The wah and filter pedals can also help bassists to shape their bass tone and create a wide variety of sounds. Bassists who play metal music, for example, often like to use a wah pedal in conjunction with a distortion pedal in order to get a more aggressive and heavy sound. Bassists can also use a wah pedal in conjunction with compression and overdrive in order to get a cleaner and tighter sound.
Pedal boards for bass guitars can feature a number of different types of effects, including envelope filters, chorus, flangers, and reverbs. While these pedals can be useful for bassists, they are not as useful as other effects such as compression and overdrive. In addition, bassists should try to avoid using pedals that are known to cause unwanted noise or feedback. For example, bassists should avoid using a tremolo or rotary effect on their bass pedal board.
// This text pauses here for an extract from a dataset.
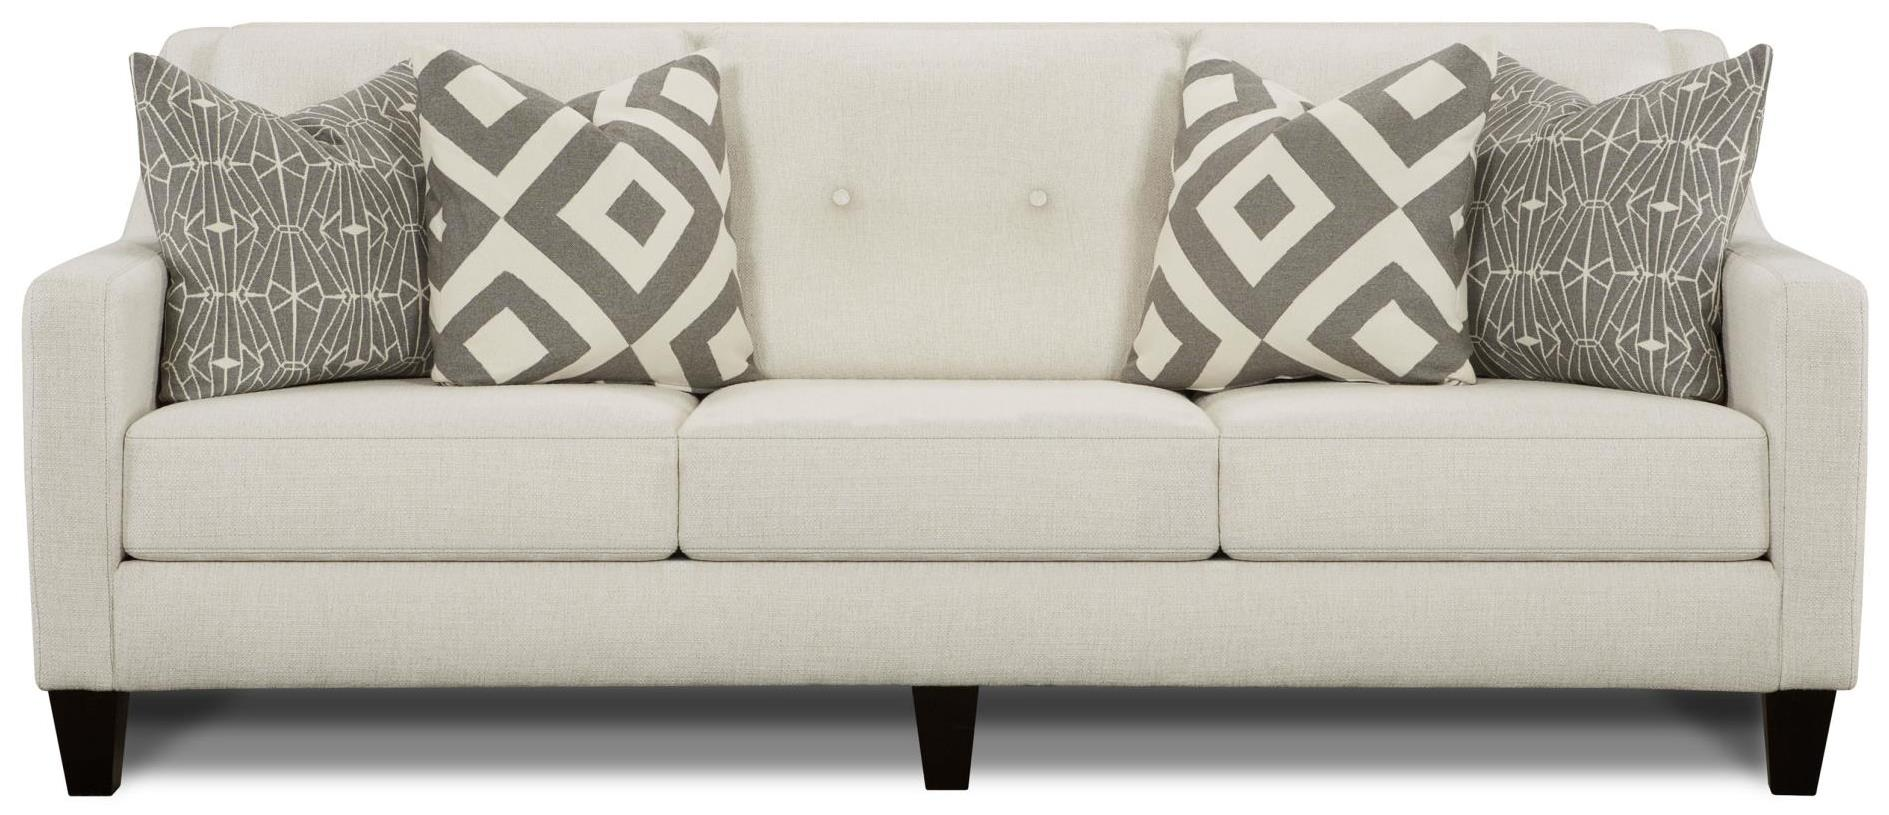 Carla Sofa by Fusion Furniture at Crowley Furniture & Mattress

A tuner is essential for any bass player, but not all of them are created equal. The Peterson Strobostomp HD is easily the best tuner pedal on the market right now. Its design is compact and rugged, with a high accuracy rating and a variety of display modes. It can even support up to 200mA of daisy chained pedals, which makes it a good choice for those who need to power multiple effects with one unit.
Bass guitar pedals come in all shapes and sizes from a variety of brands. Some are straight-to-the-point and simple, while others offer a wide range of options, from simple distortions to intricate EQs. There are even multi-FX units that house a selection of effects from different manufacturers. These are great for bass players who want to try out a wide range of sounds but don’t have the space or budget for a whole pedalboard.
The order in which you place your bass guitar pedals can make a huge difference to their tone. For example, if you put a compressor pedal first in your signal chain, it will compress the volume “peaks” of each note that you play and will give your bass a more consistent sound. This is ideal for dynamic, percussive styles such as funk and metal.
While there is no one-size-fits-all answer to this question, there are a few general rules that can help you choose the best order for your pedal board. It is generally a good idea to put any pedals that affect the entire signal (such as overdrive and EQs) at the beginning of the chain. This will ensure that they don’t affect the tone that was already created by other pedals. It is also a good idea to place modulation pedals (such as chorus, flanger and phaser) after any distortion pedals. This will prevent the distortion from warping the tone of the modulation pedal.
It is also a good idea to have a tuner at the end of your signal chain, just in case you lose track of where you are in your tuning. This will allow you to quickly and easily re-tune your bass without having to rely on a clip-on tuner or smartphone app.